- [Data section]:

+ + + +

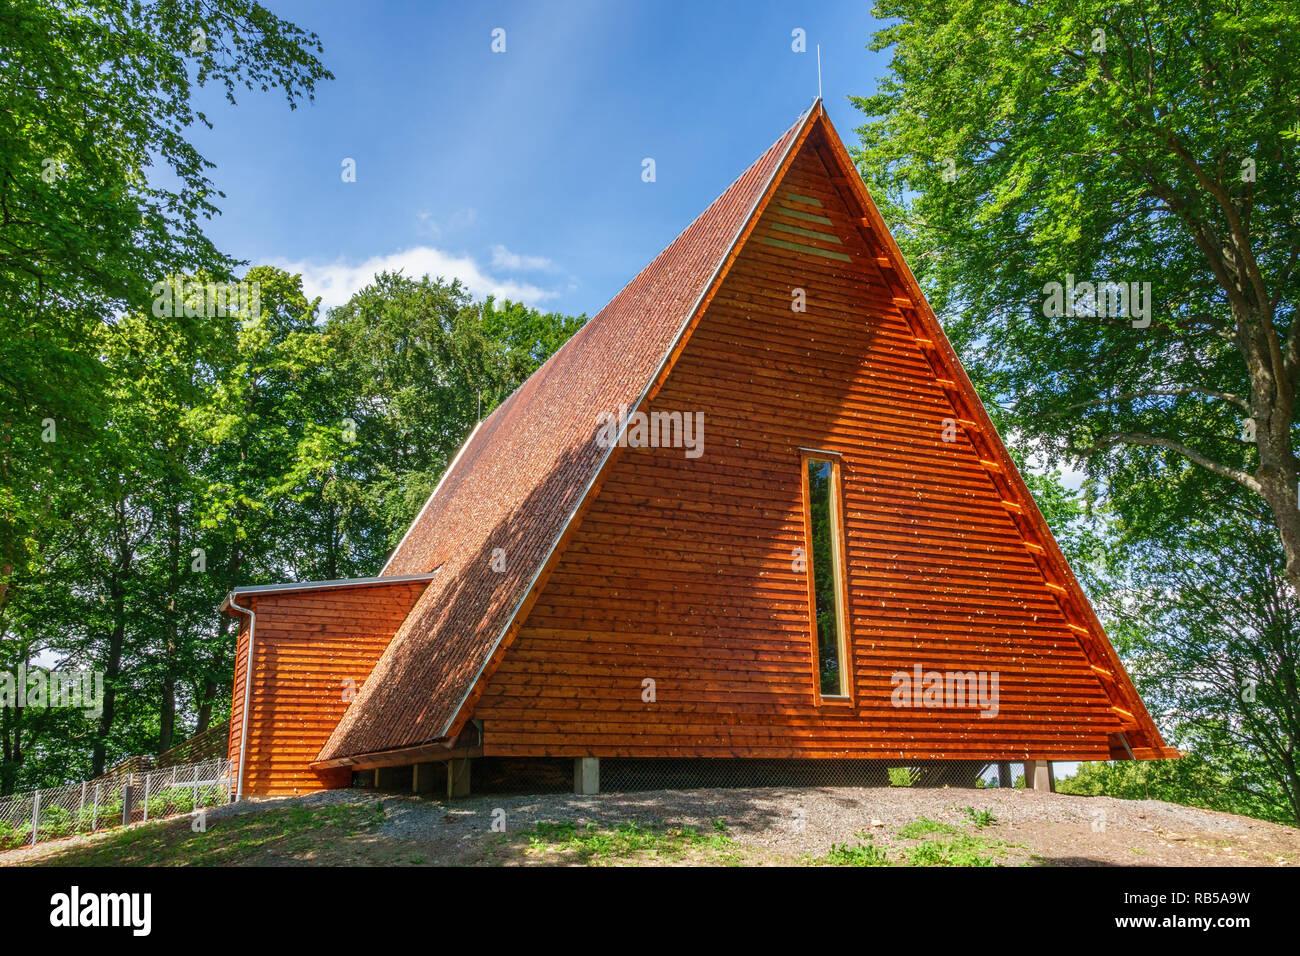 Kata farm museum building in Varnhem, Sweden - Stock Image
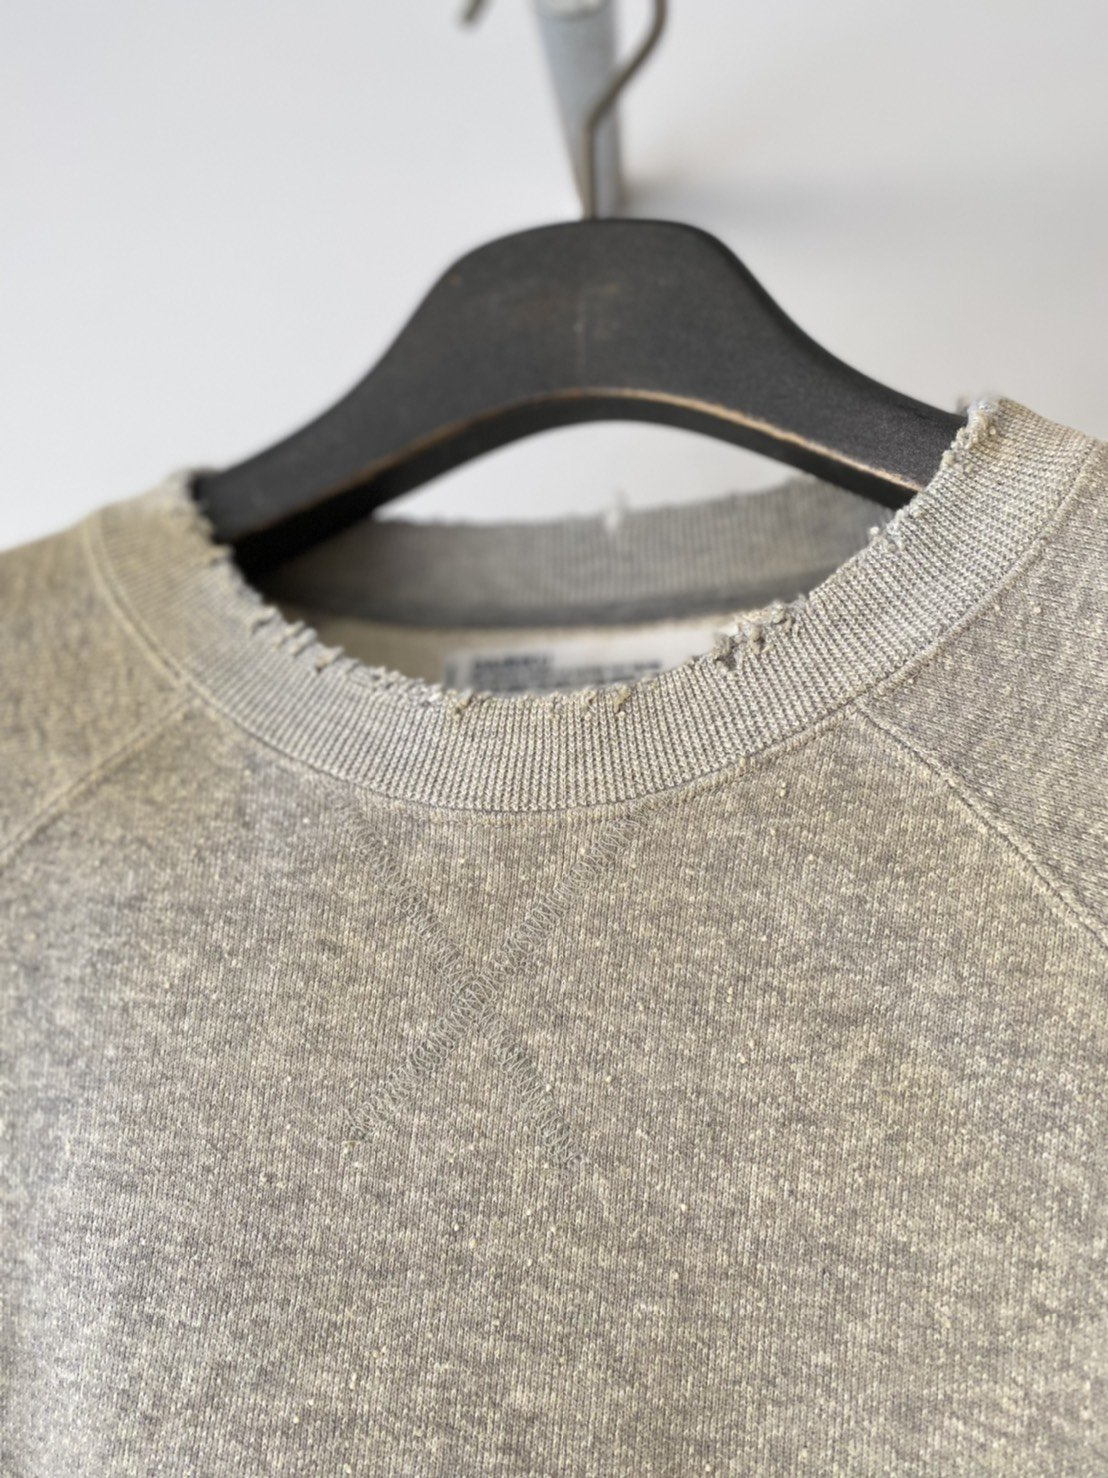 DAIRIKU<br />Ponyboy Pullover Sweater / Mud Grey<img class='new_mark_img2' src='https://img.shop-pro.jp/img/new/icons14.gif' style='border:none;display:inline;margin:0px;padding:0px;width:auto;' />
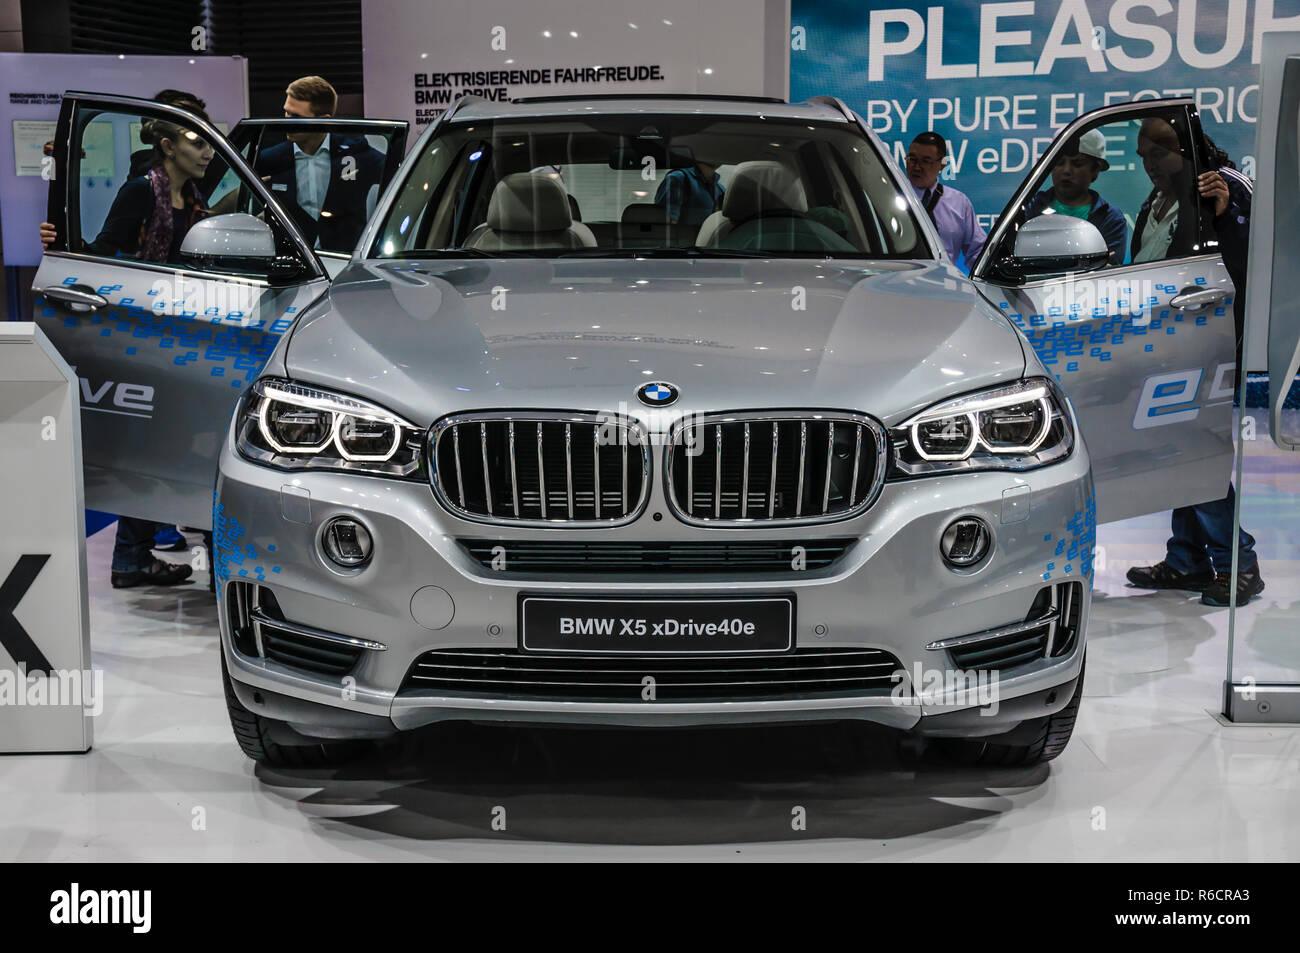 FRANKFURT - SEPT 2015: BMW X5 xDrive40e presented at IAA International Motor Show on September 20, 2015 in Frankfurt, Germany - Stock Image

+ + + +

- [Exercise instructions]:
Keep the pictures out of your answer, which should be the lines from the one with "DAIRIKU<br />Ponyboy Pullover" through the final line of the data, copied exactly.

- [Final answer]:
 DAIRIKU<br />Ponyboy Pullover Sweater / Mud Grey<img class='new_mark_img2' src='https://img.shop-pro.jp/img/new/icons14.gif' style='border:none;display:inline;margin:0px;padding:0px;width:auto;' />
 FRANKFURT - SEPT 2015: BMW X5 xDrive40e presented at IAA International Motor Show on September 20, 2015 in Frankfurt, Germany - Stock Image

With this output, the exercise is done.